Uma RTX 4060 chega a 60 FPS em 1440p?
Não há uma garantia geral de 60 FPS em 1440p/High para a GeForce RTX 4060. Em uma execução de 90 segundos em Briar Sloughs, a placa marcou 50 FPS de média e 35 FPS no 1% low com preset High e DLSS Balanced.
Um perfil personalizado, com Shadow Quality em Low e Light Quality, Foliage Quality e Detail Quality em Medium, elevou o resultado para 62 FPS de média e 46 FPS no 1% low. Em um teste noturno com vários personagens, a mesma configuração ficou em 53 FPS de média.

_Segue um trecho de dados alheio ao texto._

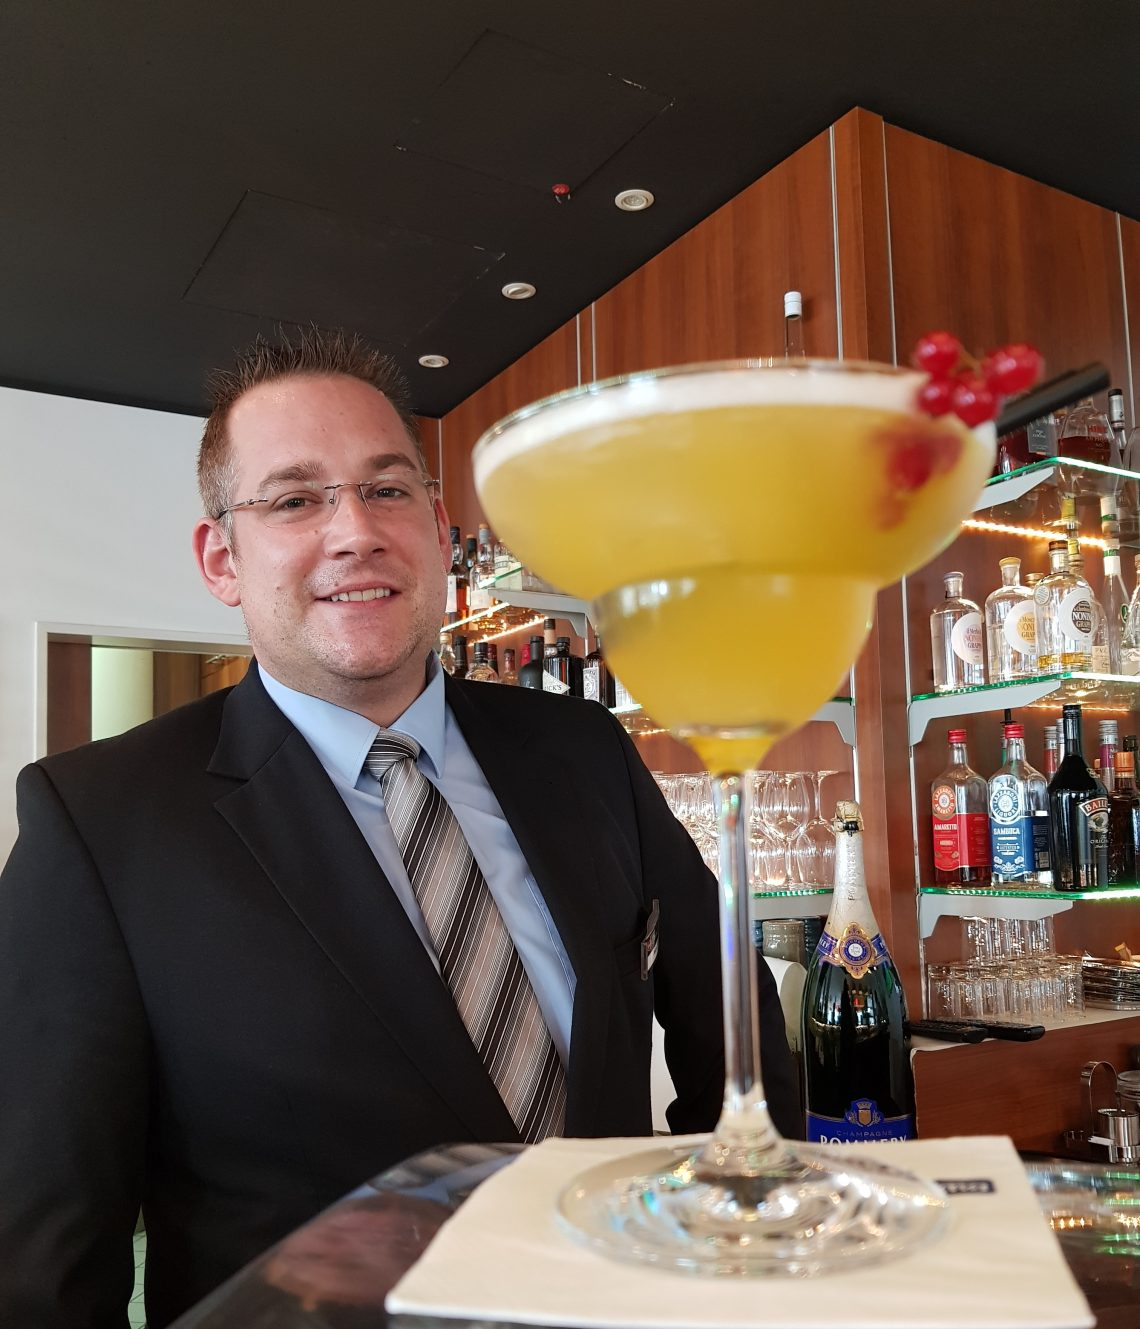 Kühle Cocktails gefragt?

A cena, o preset e o modo de reconstrução fazem diferença — e bastante.
A geração de quadros levou o número exibido a 73 FPS com High, DLSS Balanced e 2x Frame Generation, partindo de uma base de 50 FPS. O recurso aumentou a sensação de fluidez, mas não equivale a renderizar 73 quadros nativos: a medição também registrou aumento de 68 para 72 ms na latência do PC.
Por que uma GPU mais rápida não elimina todos os engasgos
O problema não é apenas contar quadros por segundo. A análise técnica com uma configuração equipada com Ryzen 9 9950X3D e RTX 5090 registrou engasgos durante a travessia e movimentos de câmera. A mesma dificuldade também apareceu em uma máquina com RTX 4060.
Isso significa que comprar uma GPU mais potente pode elevar a média de FPS, mas não garante uma animação perfeitamente consistente. Os engasgos observados estão ligados ao ritmo de entrega dos quadros, e não apenas à capacidade bruta de renderização.
Os ajustes que mais ajudam
Os cortes mais úteis aparecem nas opções que pesam sobre sombras, iluminação, folhagem, nível de detalhe, reflexos e volumetria. O perfil personalizado que alcançou 62 FPS na RTX 4060 reduziu justamente sombras, luz, folhagem e detalhes.
A qualidade das texturas merece tratamento separado. Com as texturas no máximo, o jogo pode consumir aproximadamente 10–12 GB de VRAM. A recomendação prática é manter Ultra em GPUs com pelo menos 16 GB, usar High entre 8 e 12 GB e reduzir mais em placas com menos de 8 GB.
A volumetria é uma exceção importante: reduzir essa opção abaixo de High pode afetar a iluminação em várias áreas. O ganho de desempenho existe, mas pode custar uma parte visível da atmosfera — e este é um RPG que aposta bastante nela.
O jogo oferece Intel XeSS, AMD FSR e NVIDIA DLSS, além de geração de quadros por AMD FSR e NVIDIA DLSS. O teste também não encontrou suporte a DLSS Multi-Frame Generation. Para uma imagem mais limpa, portanto, o caminho passa por equilibrar o modo de reconstrução, a resolução interna e as opções de qualidade, em vez de esperar que um recurso experimental conserte todos os problemas de frame pacing.
O veredito técnico para quem joga no PC
Em 1440p, The Blood of Dawnwalker pede uma GPU robusta ou uma combinação de upscaling e ajustes personalizados. Em 4K nativo, até a RTX 5090 ficou abaixo de 60 FPS no Ultra. O DLSS 5 experimental pode melhorar rostos, ambientes e oclusão de ambiente em uma RTX 5080, mas o resultado de 47 FPS continua pertencendo àquela configuração modificada e não representa suporte oficial do jogo.